Zehang Gao is a post-doctor in Department of Clinical Laboratory Medicine, The Third Affiliated Hospital of Guangzhou Medical University, China. His current research is focused on droplet-based microfluidics.

Shilun Feng is focusing on different point-of-care testing (POCT) researches for food, environmental water and biomedical sensing. He is currently an associate professor in State Key Laboratory of Transducer Technology, Shanghai Institute of Microsystem and Information Technology, Chinese Academy of Sciences, Shanghai. He just finished his Research Fellow journey for POCT microfluidics projects on environmental water in School of Electrical and Electronic Engineering, Nanyang Technological University, Singapore. He completed his Ph.D. in Biomedical POCT microfluidics with Dr. David Inglis, specialised in POCT microfluidic sampling probe and POCT on-chip cell concentrator, in the School of Engineering, Macquarie University, Australia. His research interests include biomedical microfluidics; microfabrication; point-of-care (POC) sampling, manipulation and testing with the developments of biodevice and instrumentation systems.
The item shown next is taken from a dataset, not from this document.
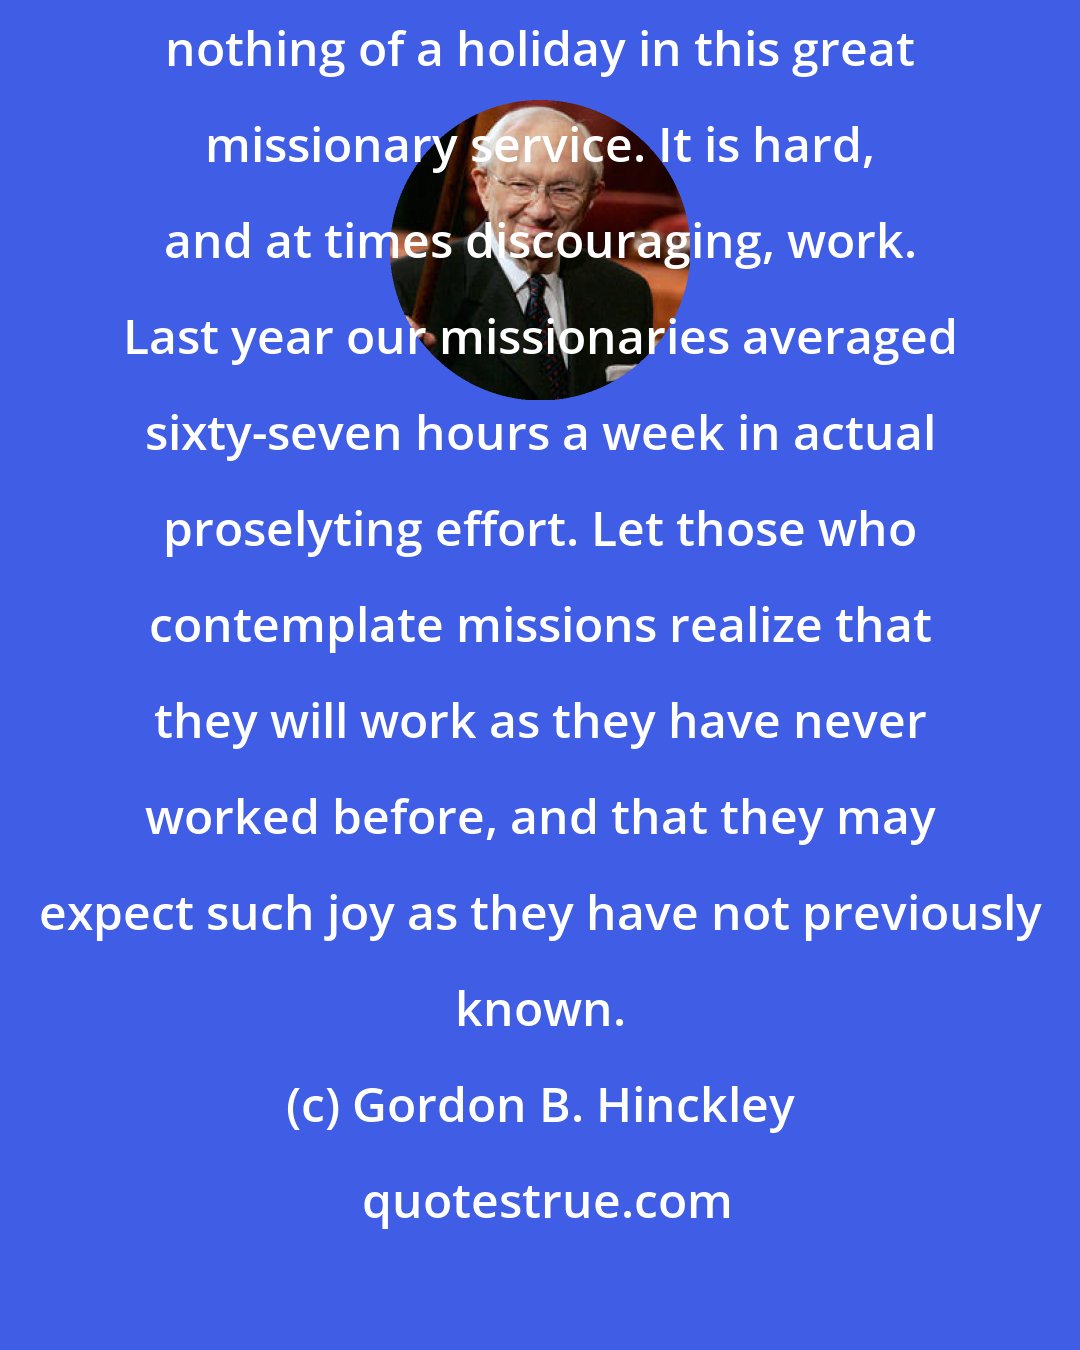 Gordon B. Hinckley: We should also build the attitude that there is nothing of a vacation, nothing of a holiday in this great missionary service. It is hard, and at times discouraging, work. Last year our missionaries averaged sixty-seven hours a week in actual proselyting effort. Let those who contemplate missions realize that they will work as they have never worked before, and that they may expect such joy as they have not previously known.

Jianlong Zhao received his bachelor’s degree from the Department of Electronic Engineering, Tsinghua University in 1992 and his doctor’s degree from Shanghai Institute of Metallurgy, Chinese Academy of Sciences in 1997. Currently, he is the deputy director, researcher and doctoral supervisor of Shanghai Institute of Microsystems, Chinese Academy of Sciences, deputy director of the academic committee of Shanghai Institute of Microsystems, executive deputy director of Shanghai Wireless Communication Research Center, and deputy director of Shanghai National Engineering Center for Biochips. He is mainly engaged in the research of biochips and biosensors, and has been responsible for many important scientific and technological projects such as major projects of CAS, major projects of Shanghai Science and Technology Commission, and national 863 program. He was the chief scientist of the major project “Research and Application of Biochip System” of the Knowledge Innovation Project of CAS.